С трёх до пяти лет с Мари-Анной подобным образом попрощались ещё с десяток преподавателей разных учёных званий, и мэтров, и брезгливой молодёжи, собранных по университетам России и Европы. Случился даже новозеландец, некий Резерфорд, которого судьба по пьяни забросила в Петербург из канадского Монреаля (его, перепутав с каким-то матросом, погрузили на пароход и в трюме доставили в порт, а оттуда сразу на «Пряжку»), так тот утверждал, что якобы есть такие камни, которые излучают лучи, проходящие сквозь другие камни и меняют тем самым их химический состав.

 В течение нескольких месяцев он зарабатывал на Миллионной на обратный билет в Канаду в спорах с Мари-Анной о природе искусственной трансмутации элементов за счет облучения альфа-частицами ядер протонов. Но как только заканчивался «красностоп» или «саперави», заканчивались и занятия. Отсюда, говорят, и пошло мнение, что красное вино выводит из человеческого организма нуклиды и понижает радиоактивность тканей, но это просто бессовестная чушь. И ребёнку известно, что надо пить не вино, а односолодовый «Бонкхолл», который продаётся на Линсфлит-роуд в баре «Олд Асс» недалеко от Кавендишской лаборатории.  (Об этом вспомнит как-то Петр Капица, но последователи его скоро о хорошем виски вообще забудут…)
 
Раздвоенность личности Мари-Анны сопровождала не только данное ей имя, символизирующее библейскую богородицу и её мать, но и характер девочки, и её поведение на людях и без.

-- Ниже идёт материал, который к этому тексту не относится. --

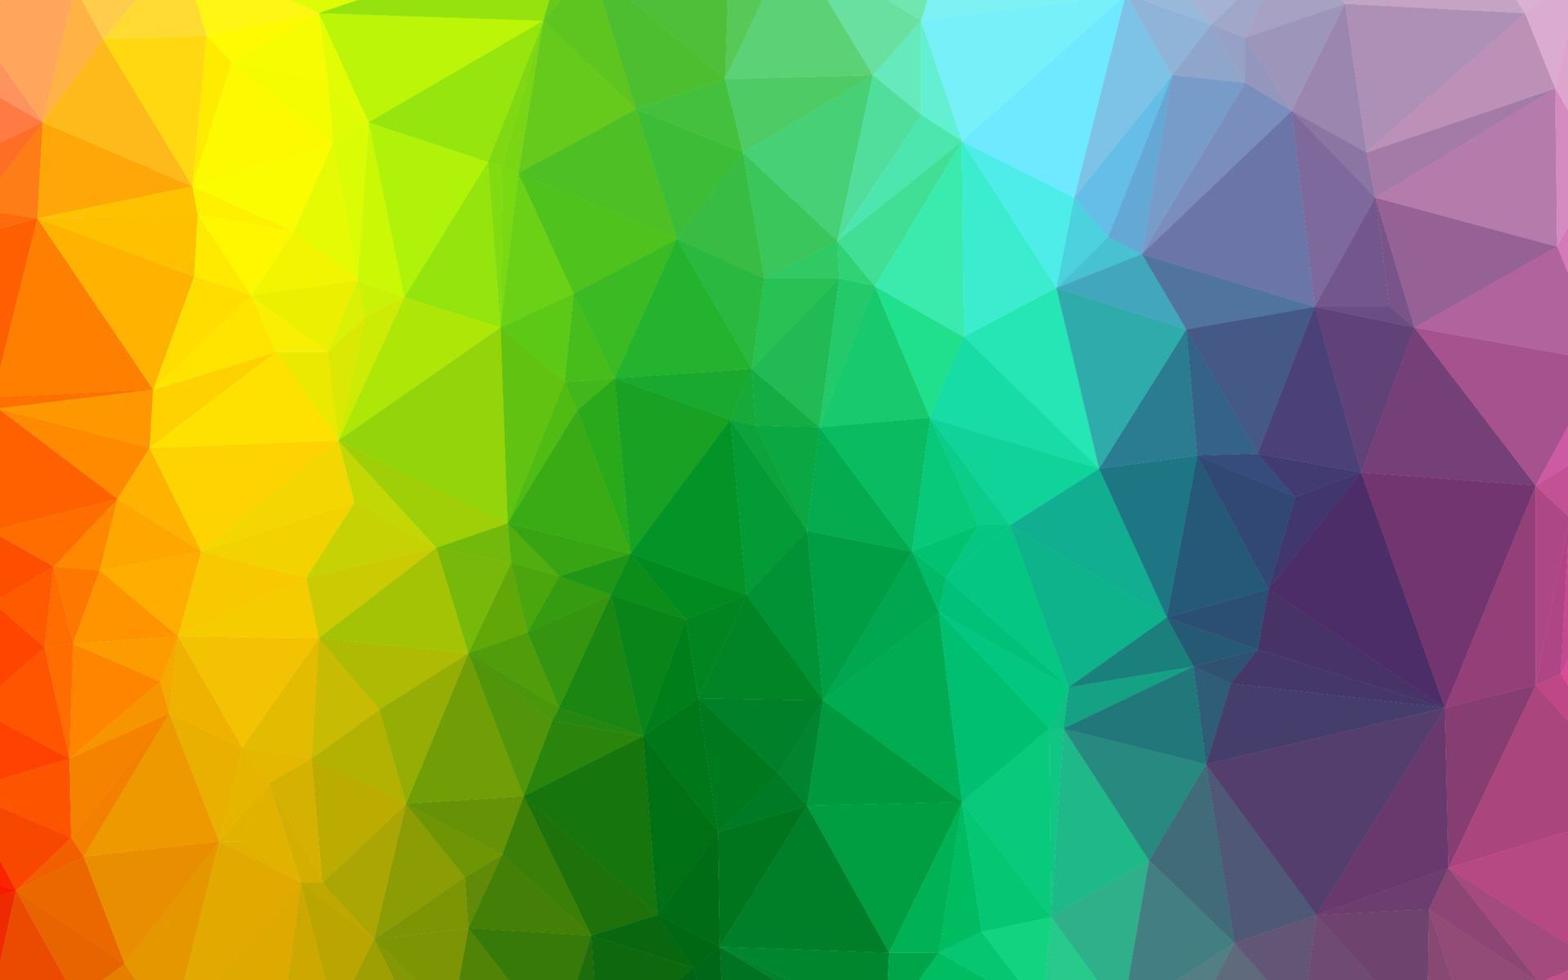 luz multicolor, padrão poligonal de vetor de arco-íris.

Мари любила подсматривать за Анной в зеркало: как та кривлялась, строя рожицы, но изменения божественного лица придавали Анне только лишнего достоинства и шарма, а отнюдь не скоморошьего дурачества (что в дальнейшем опыте человечества будет принято в телевизионном вещании).

Анна же глумилась над Мари за завтраком, промахиваясь ватрушкой мимо рта и пачкая кончик носа в твороге. Но Мария дотягивалась языком до носа, слизывая крошку, чем даже Микулу вводила в краску стыда, настолько плотоядно-эротично это выглядело со стороны его ослиного восприятия.

Хохма (с иврита - «мудрость»), несомненно, была наследственным даром от папаши Агасия и уживалась с очарованием простоты Катерины в равной и богоданной мере внутри Мари-Анны.

Собственно, она не причиняла хлопот окружающим, занимаясь сама с собой. Ей не было скучно. И все скоро привыкли к пониманию, что её, Мари-Анны, как минимум «две в одной».

Ей не нужны были партнёры в шахматах, в картах и даже в лаун-теннисе: не сразу, но она научилась с такой скоростью перепрыгивать через сетку и догонять посланный ею мяч на площадке соперницы, что у наблюдающего за её перемещениями кружилась голова и он просил сельтерской уже на втором гейме, будто сам гонялся полтора часа за мечом по площадке.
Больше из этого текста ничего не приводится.